Many historians underestimate the impact of Saint-Simonist ideology on the development of Western civilization an on the Westernization of the colonies. This tendency has also prevented Arab nationalist historians from seeing the clear links. For example, Hourani (1962, p. 53), who generally applauds the disruption and redirection of Muslim society in Egypt as necessary progress toward modern achievements in transport and commerce, at the same time underestimates the impact and breadth of Saint-Simonist direction of Muhammad Ali:
[H]e may have been influenced by the followers of Saint-Simon who spent some years in Egypt in the 1830"s, working as doctors, engineers, and teachers, and helping him to design and execute the first great modern work of irrigation in Egypt, the barrages on the Nile... Saint-Simon's vision of a model society directed by a priesthood of scientists, and with the system of scientific truth taking the place of the religious systems which had broken down, is not likely to have appealed to him, even had it been explained in familiar terms; but the exaltation of industrial development and the planned economy was in line with his own interests.

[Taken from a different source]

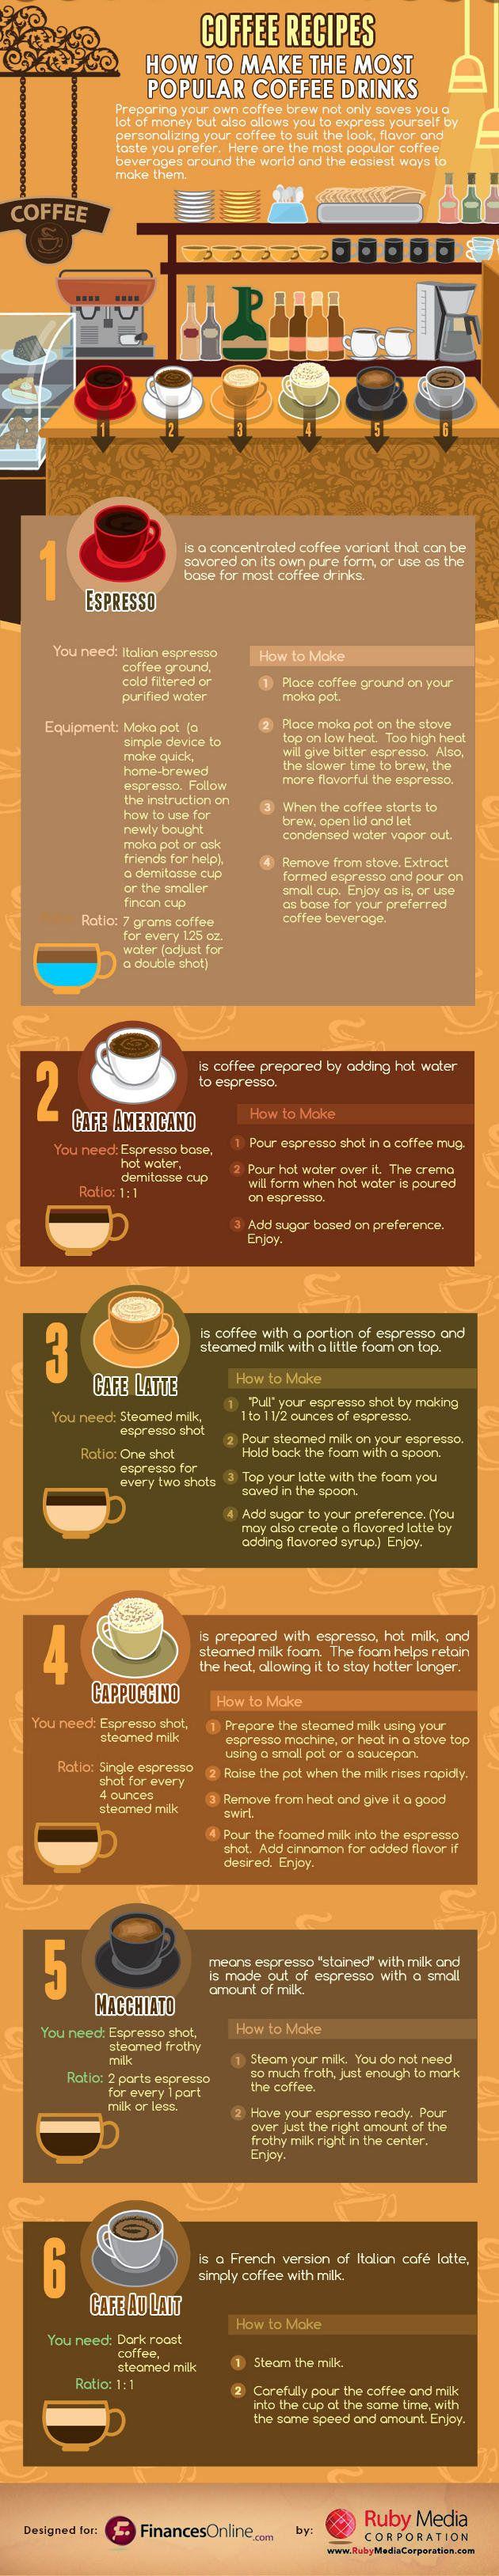 Coffee 101: Basic coffee recipes

Many of the Egyptian schools opened during Muhammad Ali's reign were directed by Saint-Simonists. A girls school opened in 1834 by Saint-Simonist Mlle. Suzanne Voilquin taught French language, midwifery, and basic medicine . From 1835, the artillery school at Tura was directed by Bruneau, a Saint-Simonist and graduate of the Paris Polytechnique, while the School of Mines came under the charge of Lambert, another Saint-Simonist, who was later to direct the School of Minerology (Heyworth-Dunne, 1938, pp. 132, 137, 142, 187).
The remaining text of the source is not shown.